Mai avrei pensato che, a fianco a me, in queste notti gelide, scandite dal monotono ululare dei coyote, ci sarebbero stati altri corpi.
Corpi morbidi ed arrendevoli come la sabbia delle dune che ci circonda.
Appassionati e vibranti come i tamburi suonati da questa gente.
Mai avrei pensato di chiudere il velo che dal soffitto della tenda scende a contornare il letto, non per pudore, ma per il suo esatto contrario. Per esibirmi.
Invece sono qui, ora, con una donna che adoro sdraiata pigramente sui cuscini color porpora. Con un'altra, al di là del velo, che ci sta supplicando di uscire da questa alcova, per appagare anche lei, alla fine. Povera, dolce bimba.

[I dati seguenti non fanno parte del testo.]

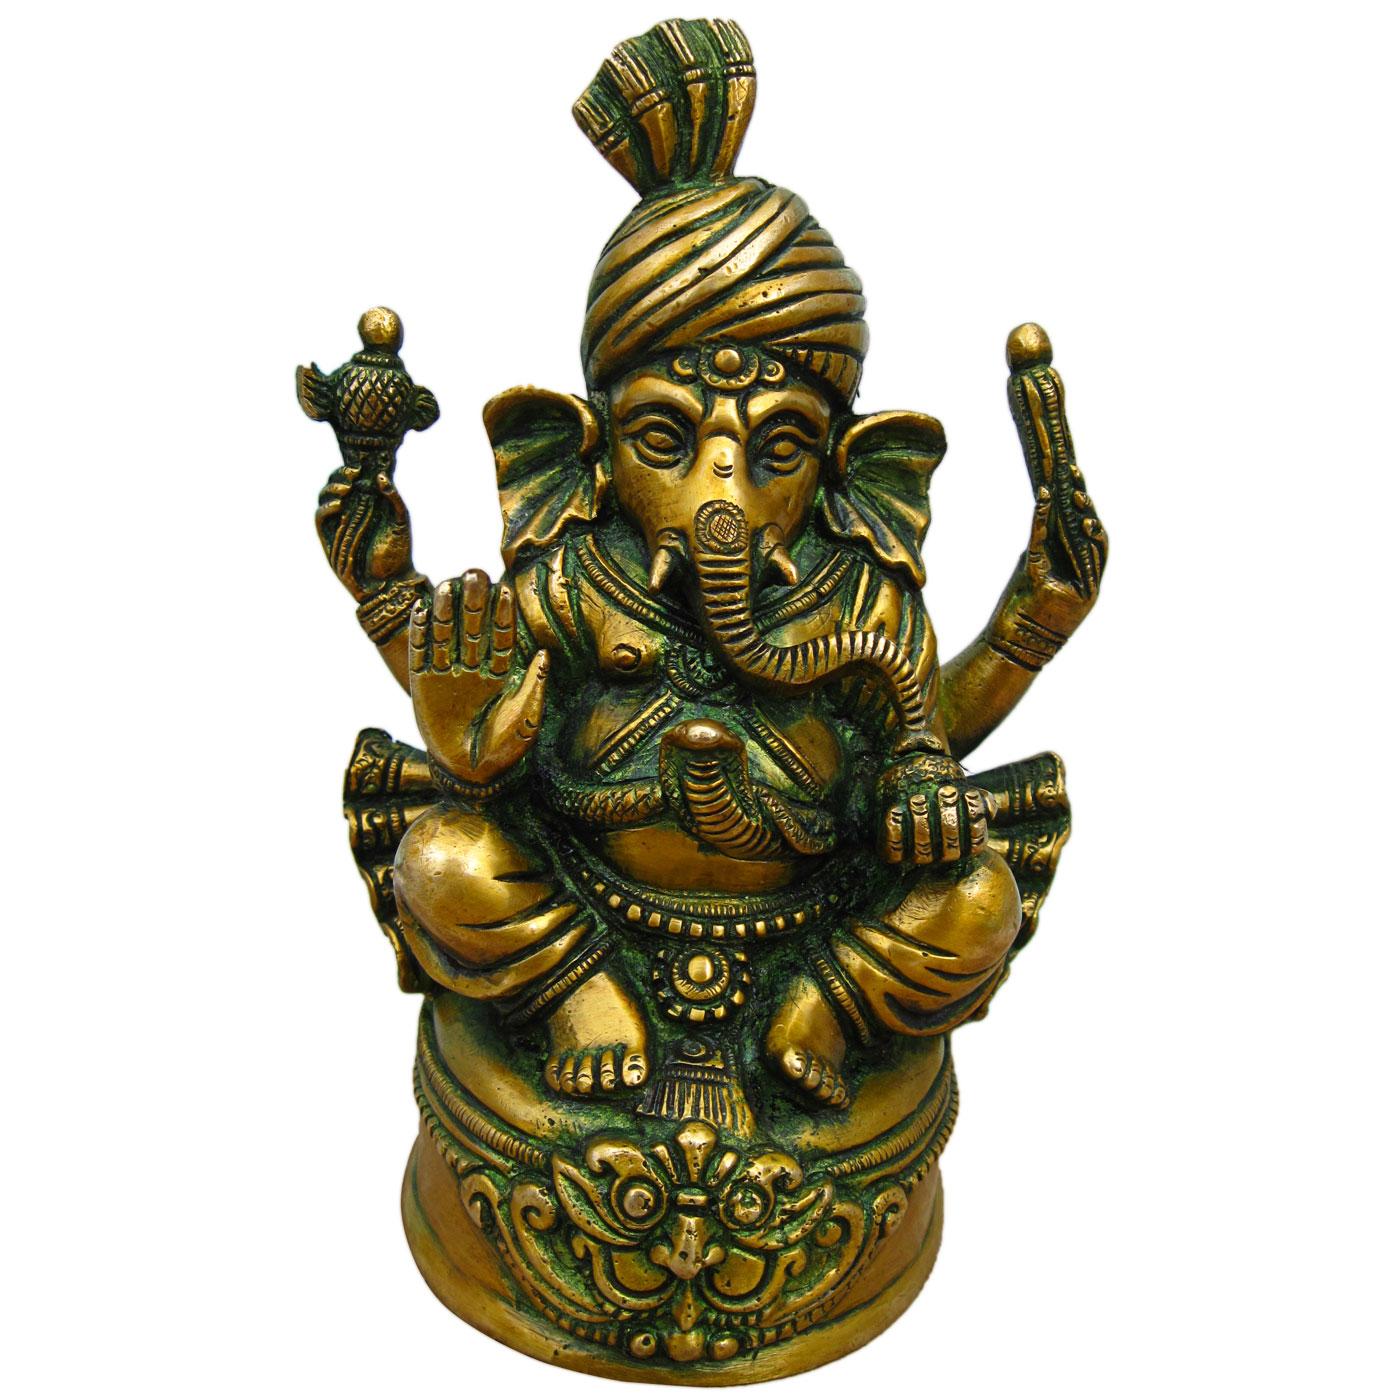 http://3.bp.blogspot.com/-wW8JwYJuLIw/T43siCCnbCI/AAAAAAAADEI/Lny2dQSJ0cY/s1600/ganesh-statue.jpg
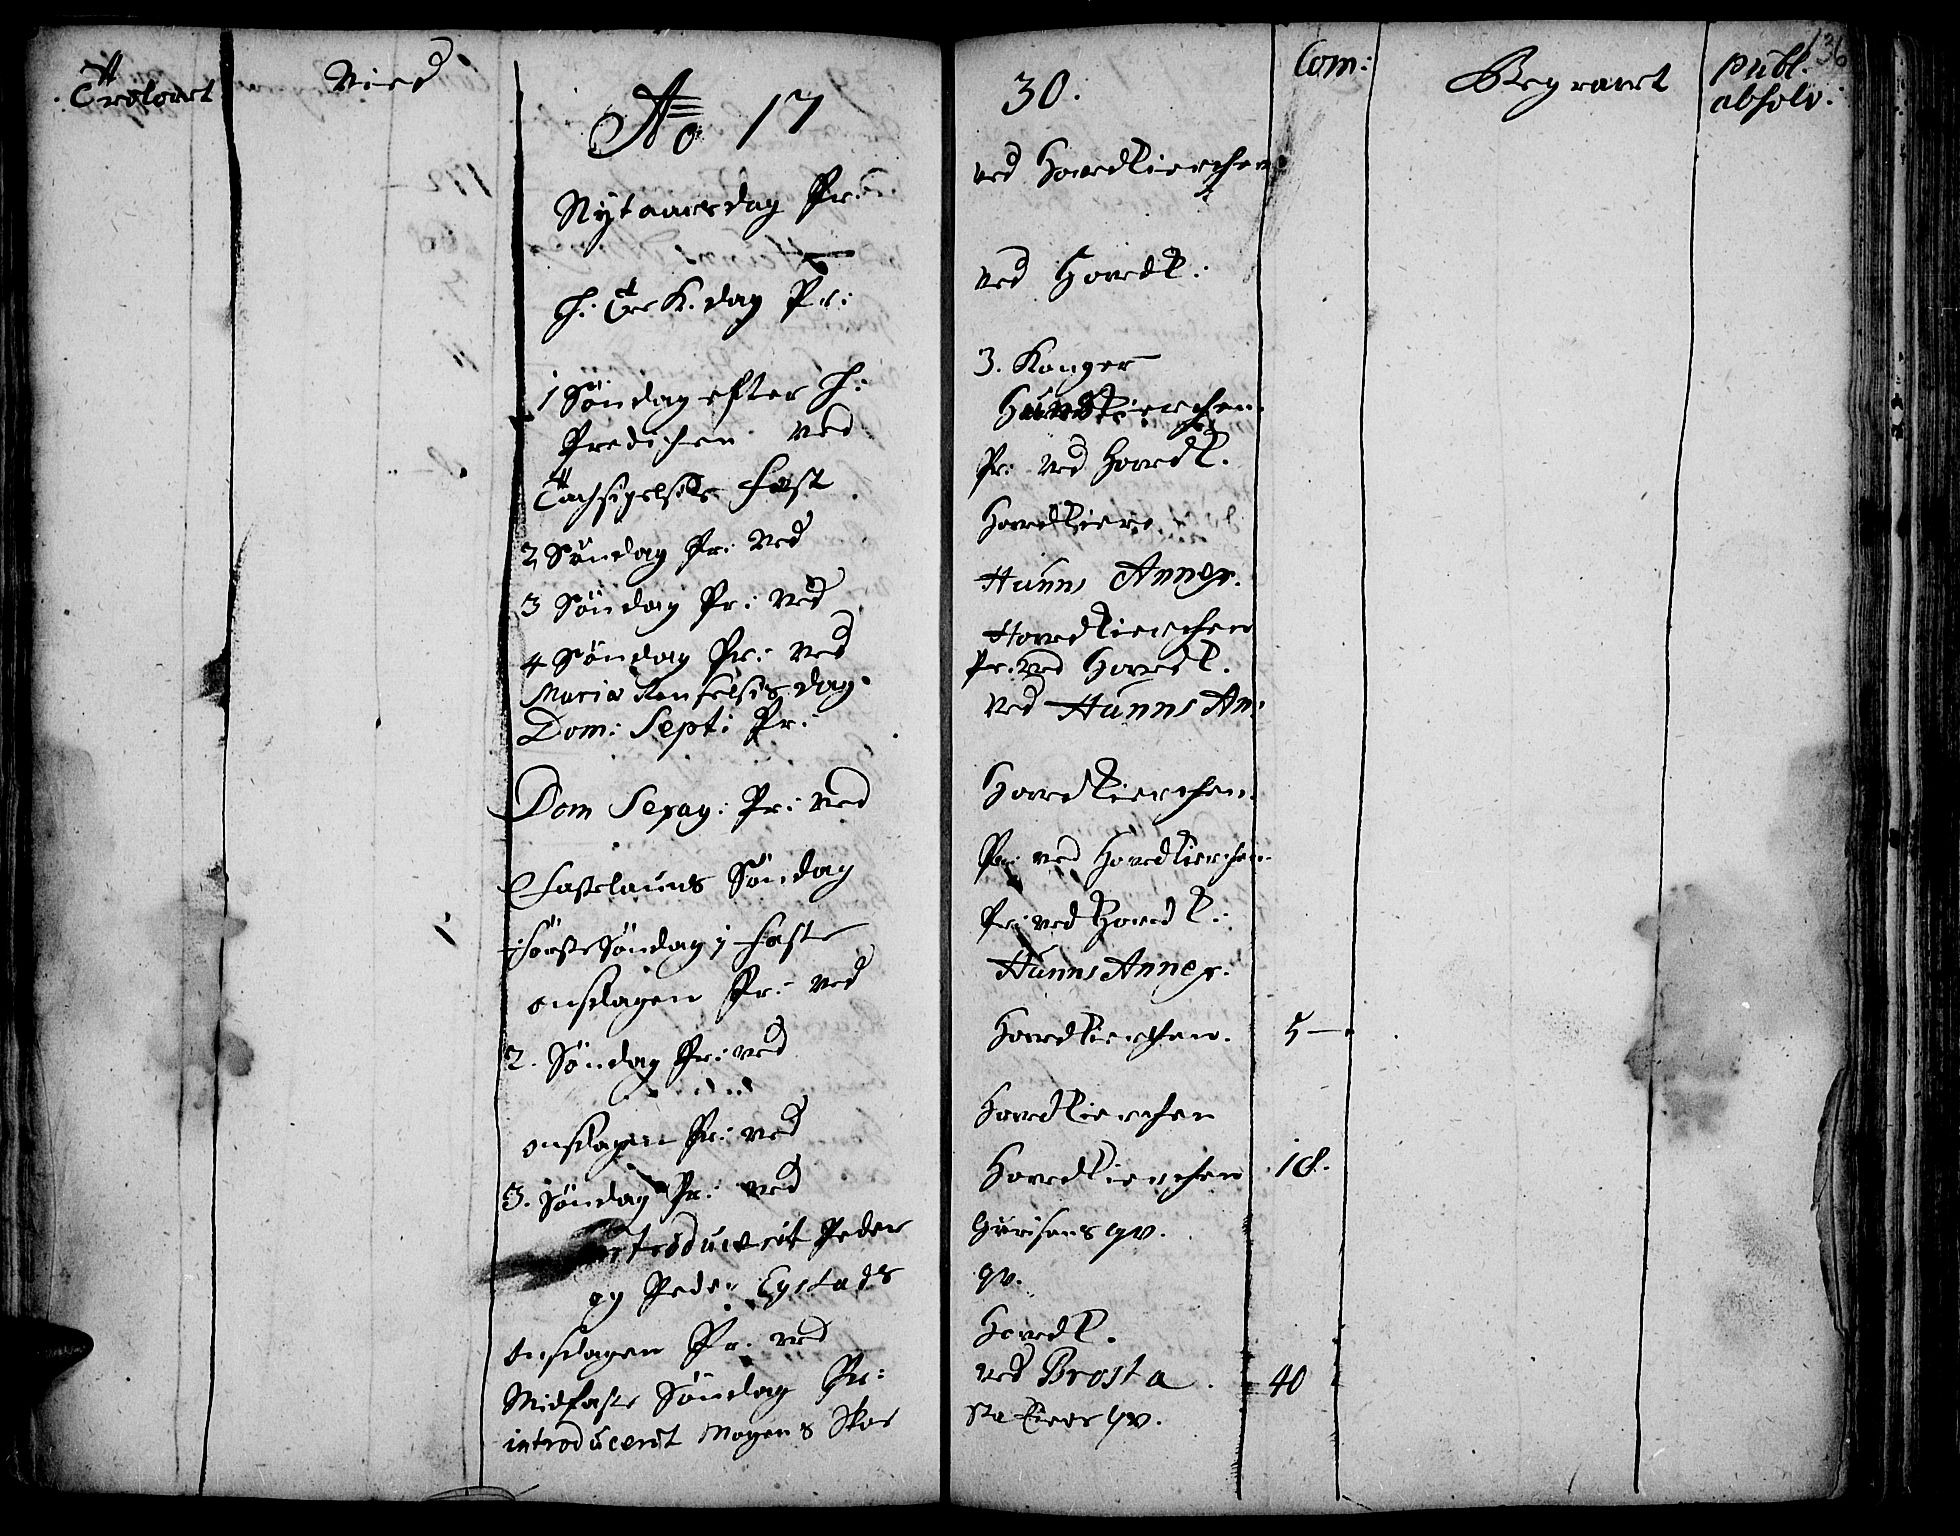 SAH, Vardal prestekontor, H/Ha/Haa/L0001: Ministerialbok nr. 1, 1706-1748, s. 136

L'ho fatta accomodare un'ora fa, splendidamente nuda, su una poltroncina di velluto rosso, a pochi passi dal nostro letto. Le ho legato le mani dietro lo schienale, per impedirle di toccarsi, e ho agganciato il guinzaglio al piccolo collare nero che porta al collo, incatenandola così ad una gamba della poltrona, col velluto nero di questo delizioso guinzaglio da cagnetta. Ho preso un' arancia e l'ho appoggiata sulle labbra del suo sesso già gonfie, divaricandole. Poi le ho chiuso le gambe, legandole strettamente fra di loro. Alla fine l'ho salutata leccandole le labbra, lentamente. "Divertiti". Così le ho detto.
Ho scostato solo di poco il velo che ricopre il mio bel letto e sono entrata. La mia amante, mollemente sdraiata sui cuscini, mi ha sorriso.
Il velo di canapa, leggerissimo, ci ha protetto e mostrato, in controluce, in tutta la nostra splendida lussuria. Ha sfumato i nostri contorni, ma non ha celato nessun particolare alla nostra compagna di giochi...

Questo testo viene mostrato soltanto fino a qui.